Serhat Sinan Kocaoğlu, 2015 yılında Avukatlar Sendikası yöneticisi kadın meslektaşımıza yönelik olarak, hukukçulardan oluşan bir Facebook grubunda, sendika ilanıyla ilgili olarak ‘güzelmiş bu sendika, bekar ve niyeti ciddi arkadaşlar behemehal üye olsun diyorum; üyelik şartlarınızı açıklar mısınız, bekar avukatlara kota var mı’ şeklindeki cinsel taciz içeren sözler sarf etmiştir. Yine meslektaşımızın kişisel sayfasındaki çeşitli fotoğraflarını izinsiz olarak ve sosyal taciz amacıyla bir sosyal paylaşım sitesine koymuş; bu saldırıları nedeniyle İstanbul 5. Aile Mahkemesinden 6284 s. yasa kapsamında tedbir kararı uygulanmış ve ayrıca İstanbul Anadolu 42. Asliye Ceza Mahkemesi tarafından mahkumiyet kararı verilmiştir. Bu taciz ve kişisel haklara saldırı içeren uygulamalar çeşitli gazete haberlerine konu olmuş; yargı sendikaları, hukuk kurumları ve bazı sendikal örgütler tarafından 24.03.2015 tarihli basın açıklamasıyla da kınanmıştır.

Ayrıca, ilgili kişinin bu ve benzer hareketleri nedeniyle YÖK disiplin kurulu tarafından disiplin cezası uygulandığı, yine kadına ve çocuğa yönelik şiddetle ilgili vahim isnatlarla devam eden yargılamalarının bulunduğu, Av. Sedef ÜNAL tarafından baronuza bildirilmiştir.
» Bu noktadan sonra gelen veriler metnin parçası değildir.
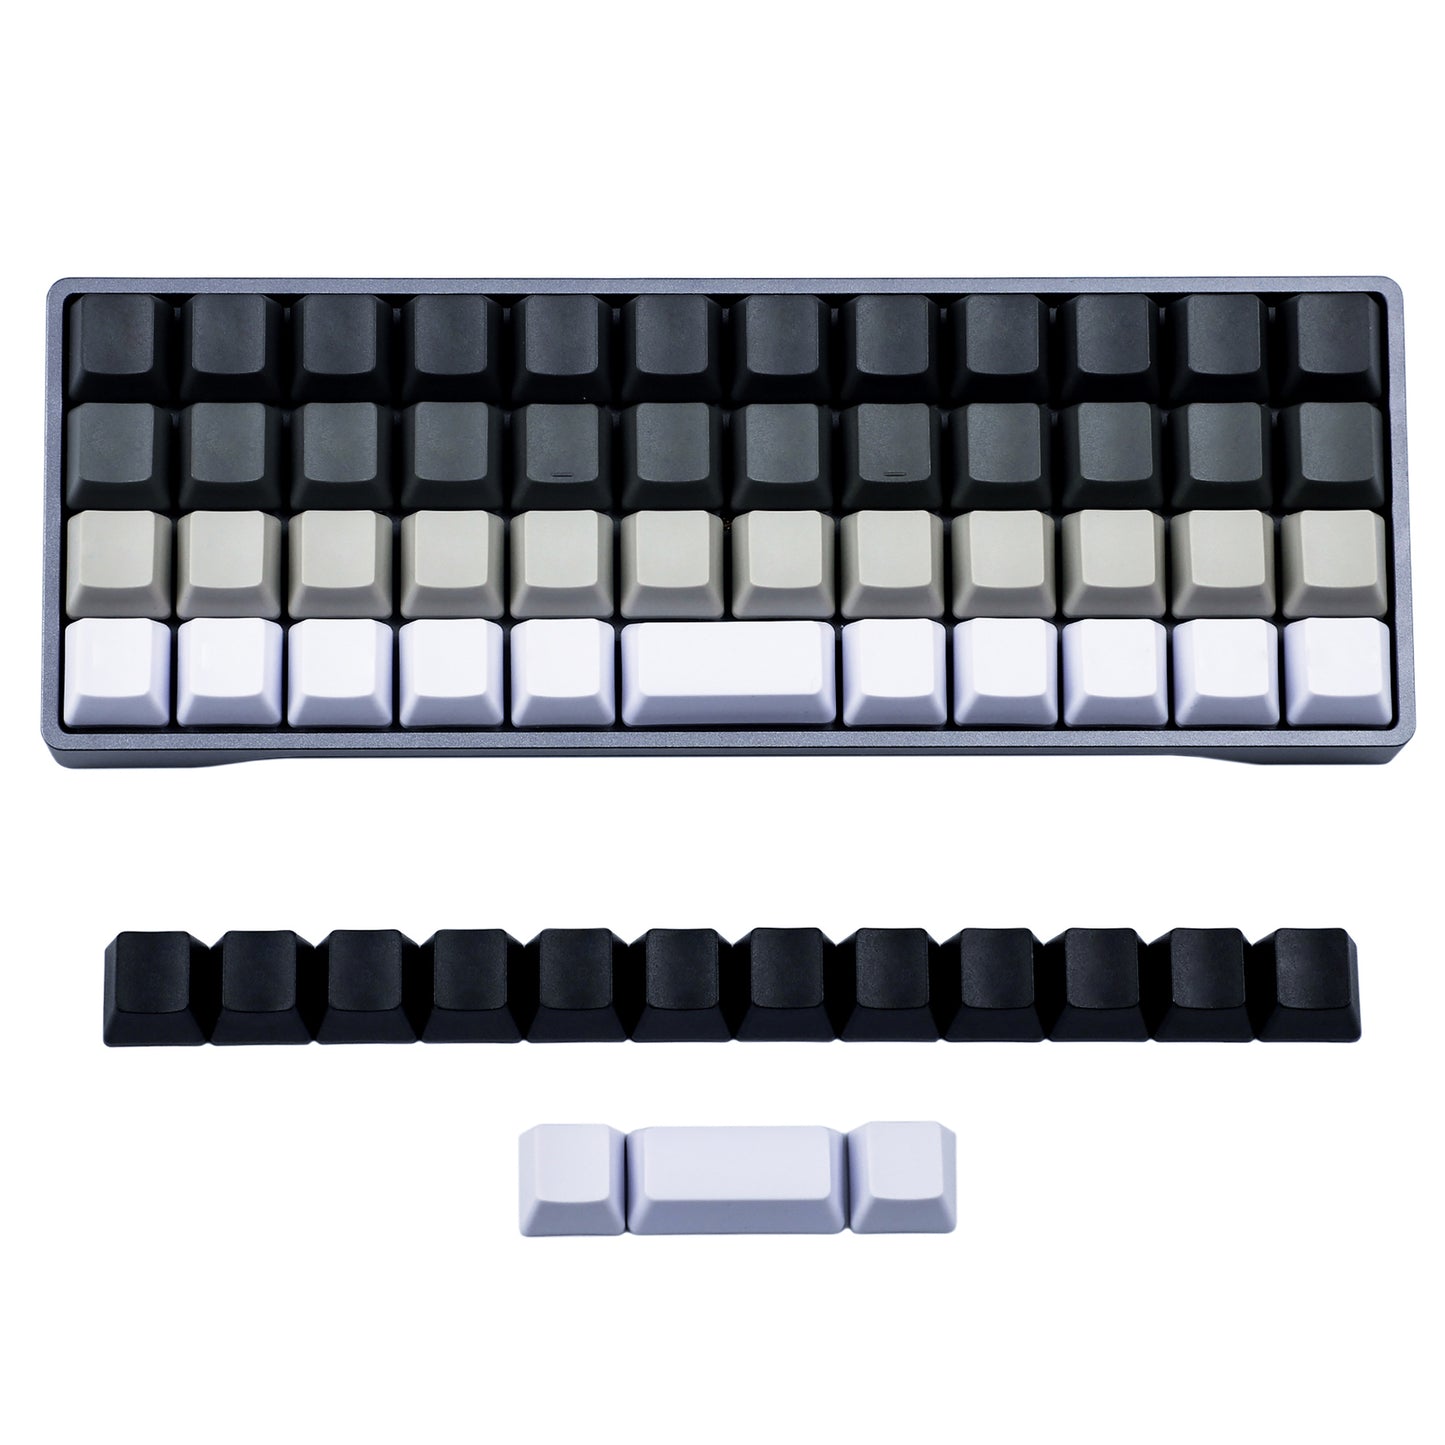 62 Laser-Etched Black Gray White Keycaps(Planck Niu40 Preonic 40% Using/OEM Profile 1.5mm Thickness PBT)

Kurultay konuşmacılarının bir kısmının Kurultay Yönergesi uyarınca, “kör hakem” yöntemi ile belirlenmesi gerekçesiyle, bu kişinin programda yer alması kabul edilemez. Bu yaklaşımın, şiddet faili erkeğin kravat takarak mahkemede iyi hal indirimi almasından farkı var mıdır? Anayasal ve yasal görevi itibariyle de insan hak ve özgürlükleri için mücadele etmesi gereken Baroların, bir kadına şiddet failini sunumcu olarak yüceltmesi etik olarak kabul edilemez. Aynı saatlerde Muammer Aksoy salonundaki ‘toplumsal cinsiyet ve temel haklar’ başlıklı oturumla açıkça çelişkiye düşen Ankara Barosunu ve bilim kurulunu, korumak ve uygulanmasını sağlamakla yükümlü olduğu İstanbul Sözleşmesi ve 6284 s. yasanın da gereği olarak, kadına yönelik şiddet faili bu kişiyi Kurultay Programından çıkarmaya davet ediyoruz.”